### Requirement
Please give back each line below unchanged; none of the pictures should appear.

### Supplied information
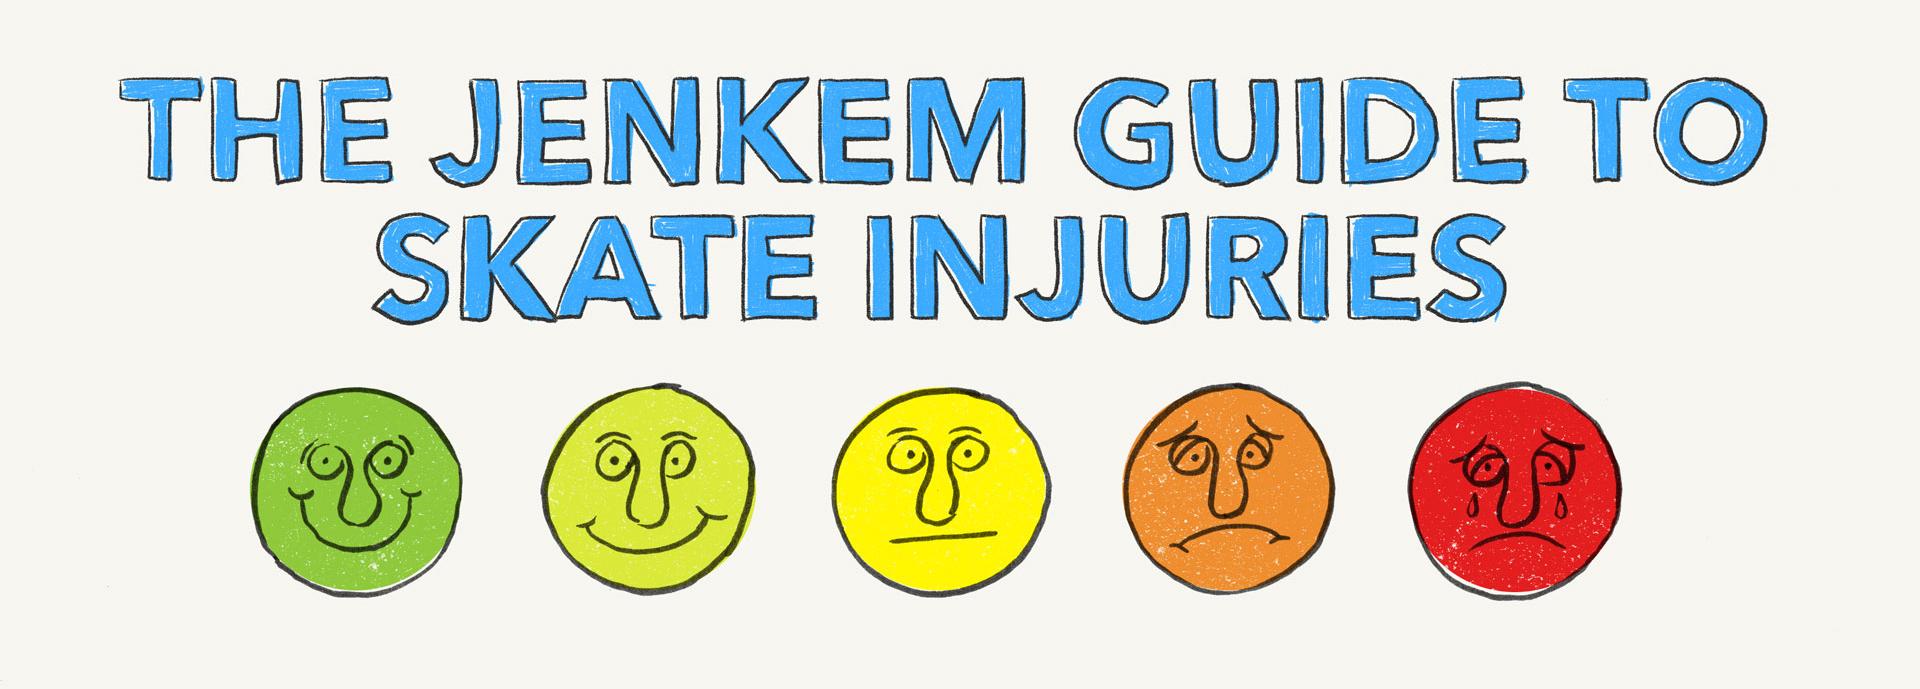 THE JENKEM GUIDE TO SKATE INJURIES - Jenkem Magazine
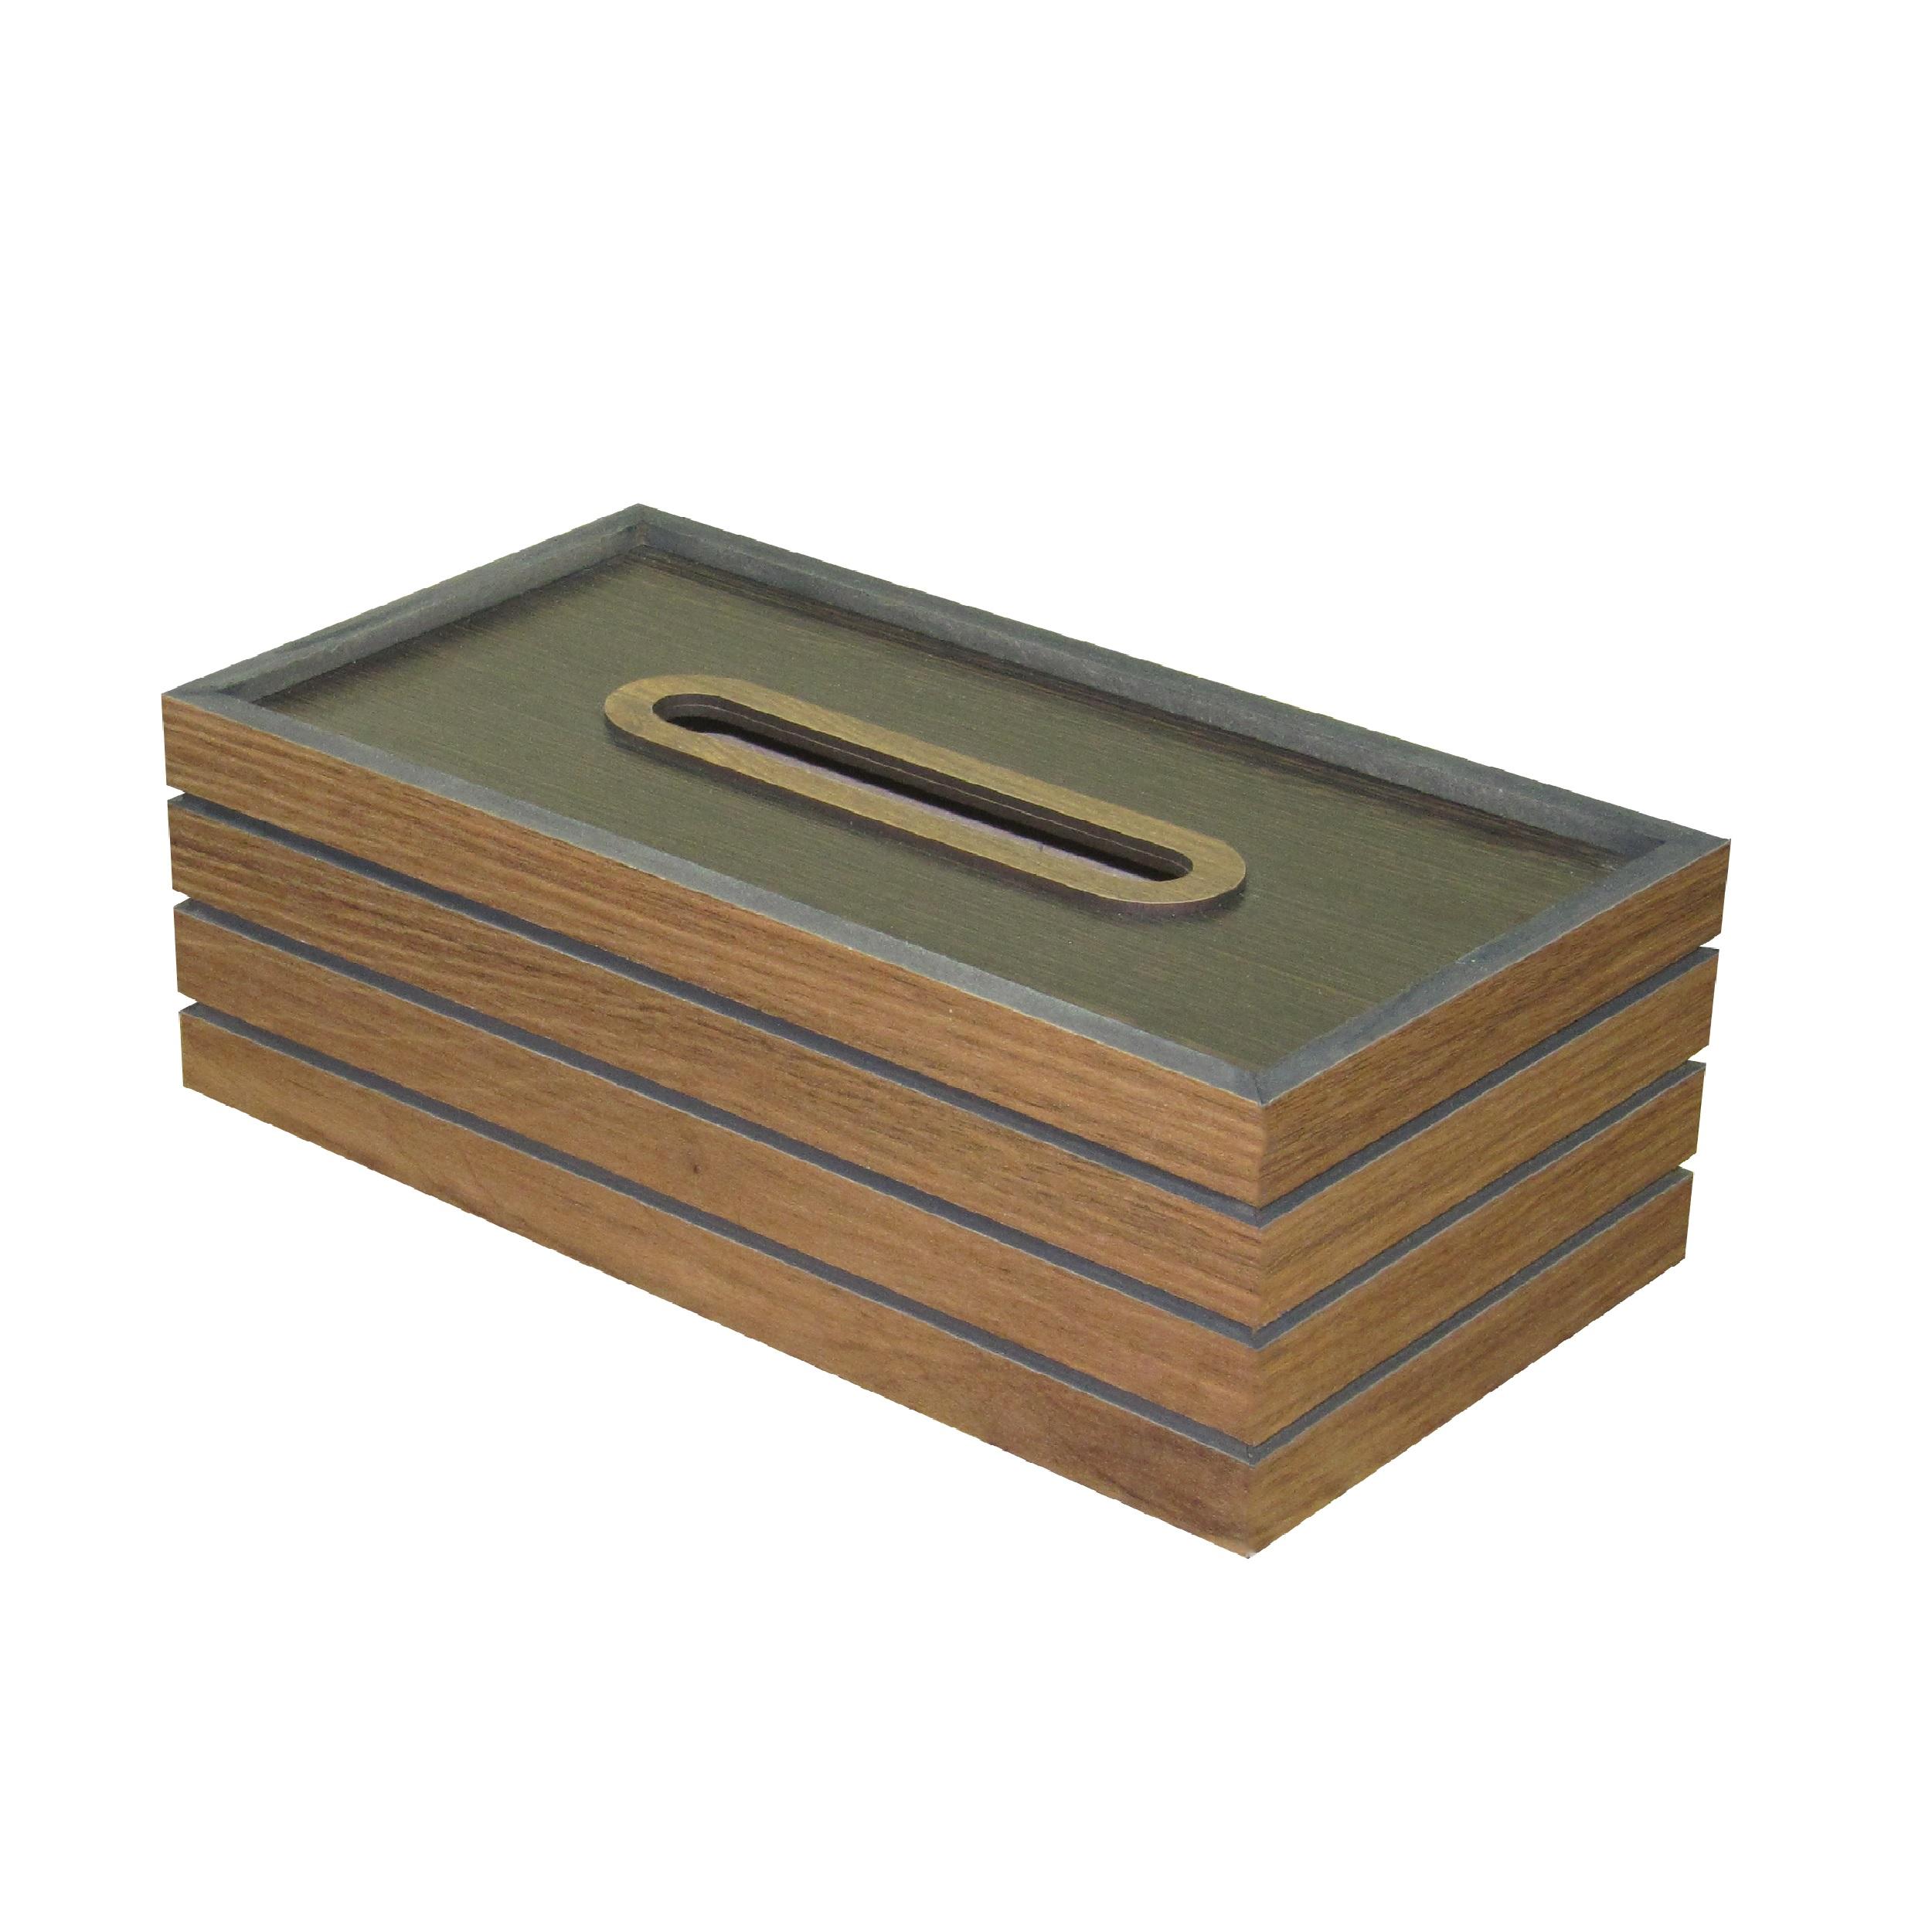 قیمت جعبه دستمال کاغذی کد DT-811
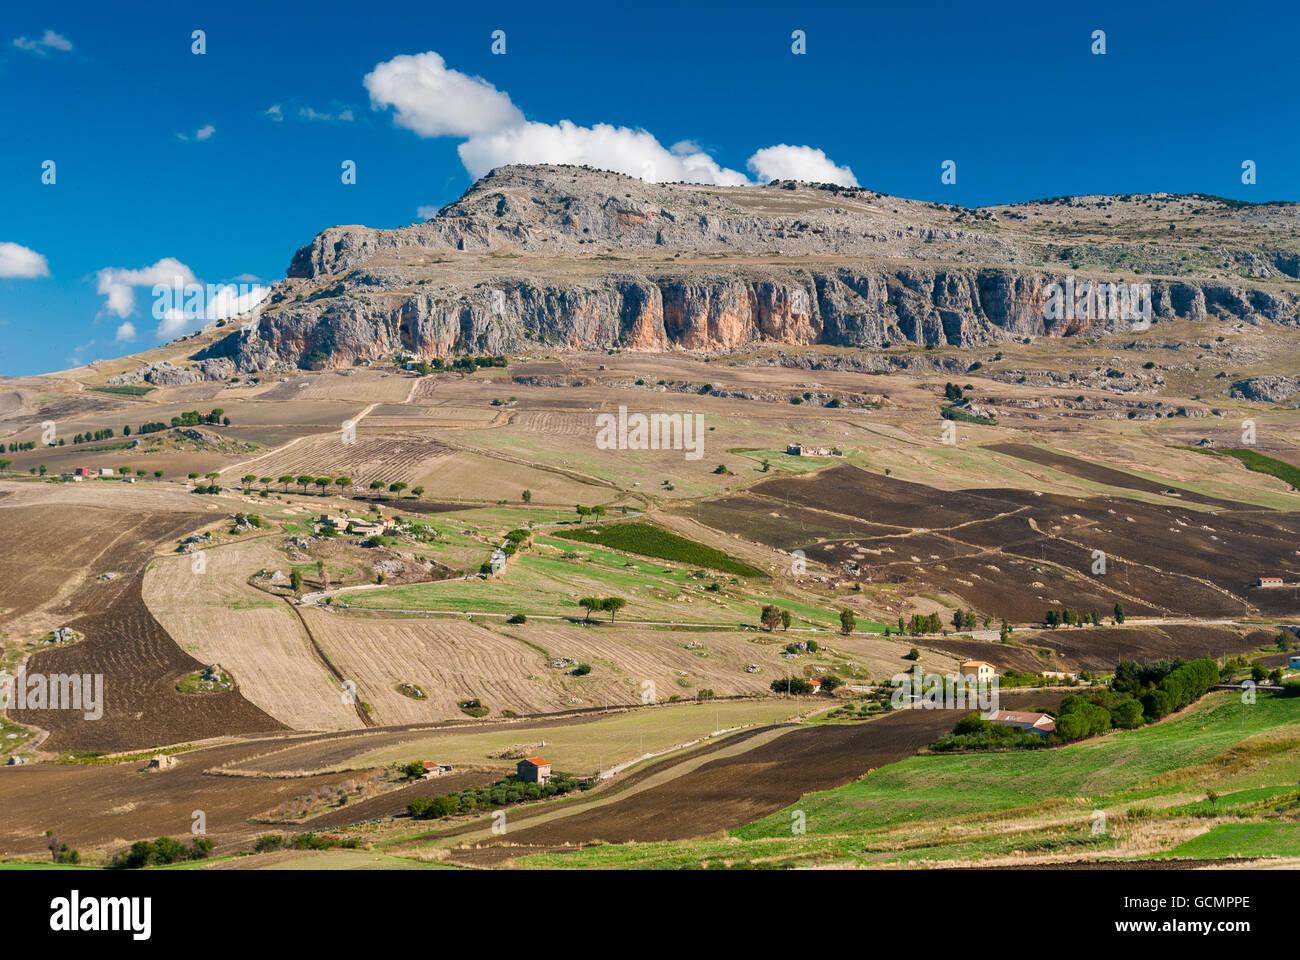 Rocca Busambra, la plus haute montagne de la chaîne de Sicani (ouest de la Sicile) Photo Stock
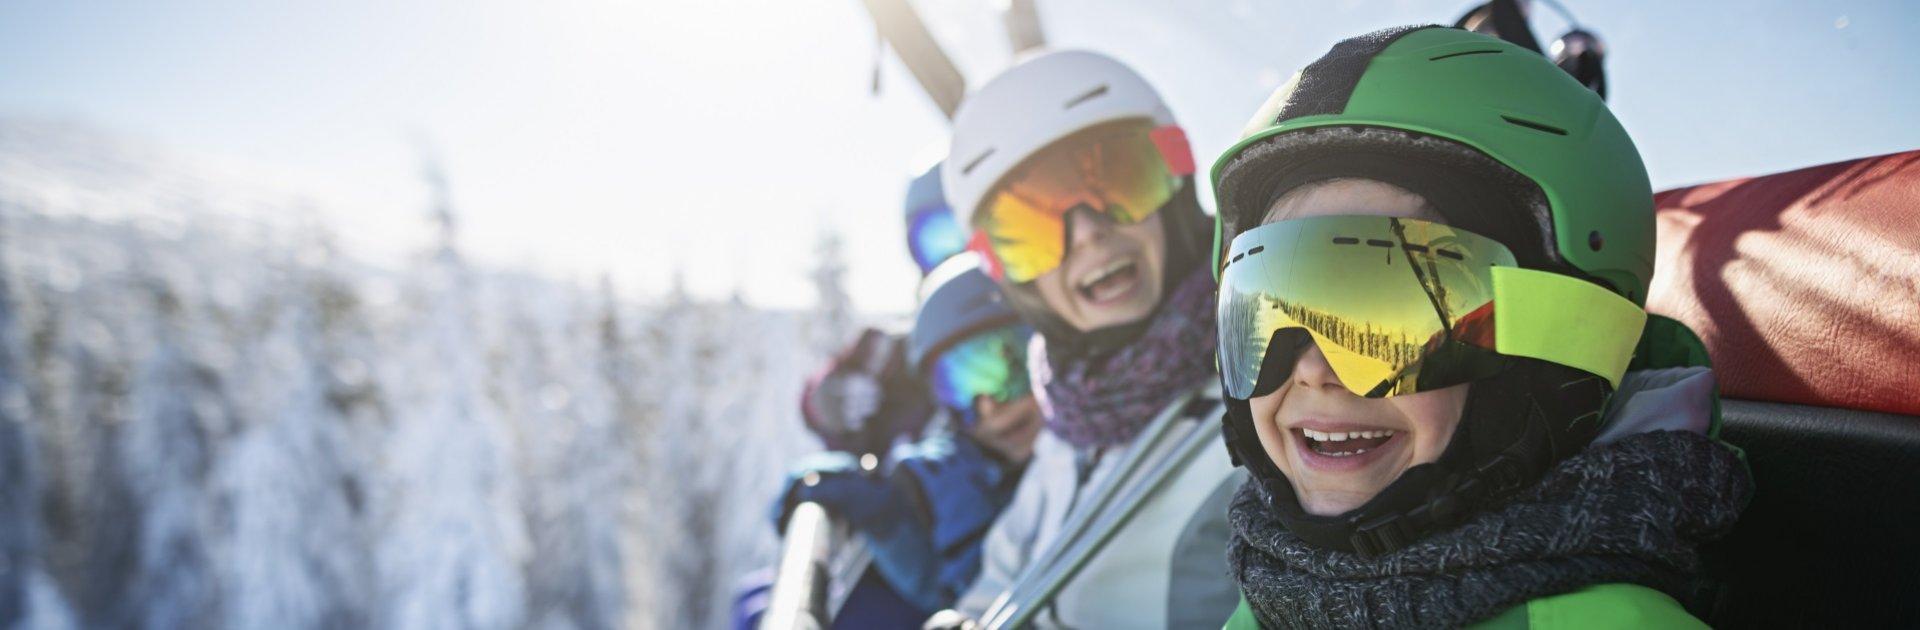 skifahren kinder microsite

### Answer to this exercise
 THE JENKEM GUIDE TO SKATE INJURIES - Jenkem Magazine
 قیمت جعبه دستمال کاغذی کد DT-811
 Rocca Busambra, la plus haute montagne de la chaîne de Sicani (ouest de la Sicile) Photo Stock
 skifahren kinder microsite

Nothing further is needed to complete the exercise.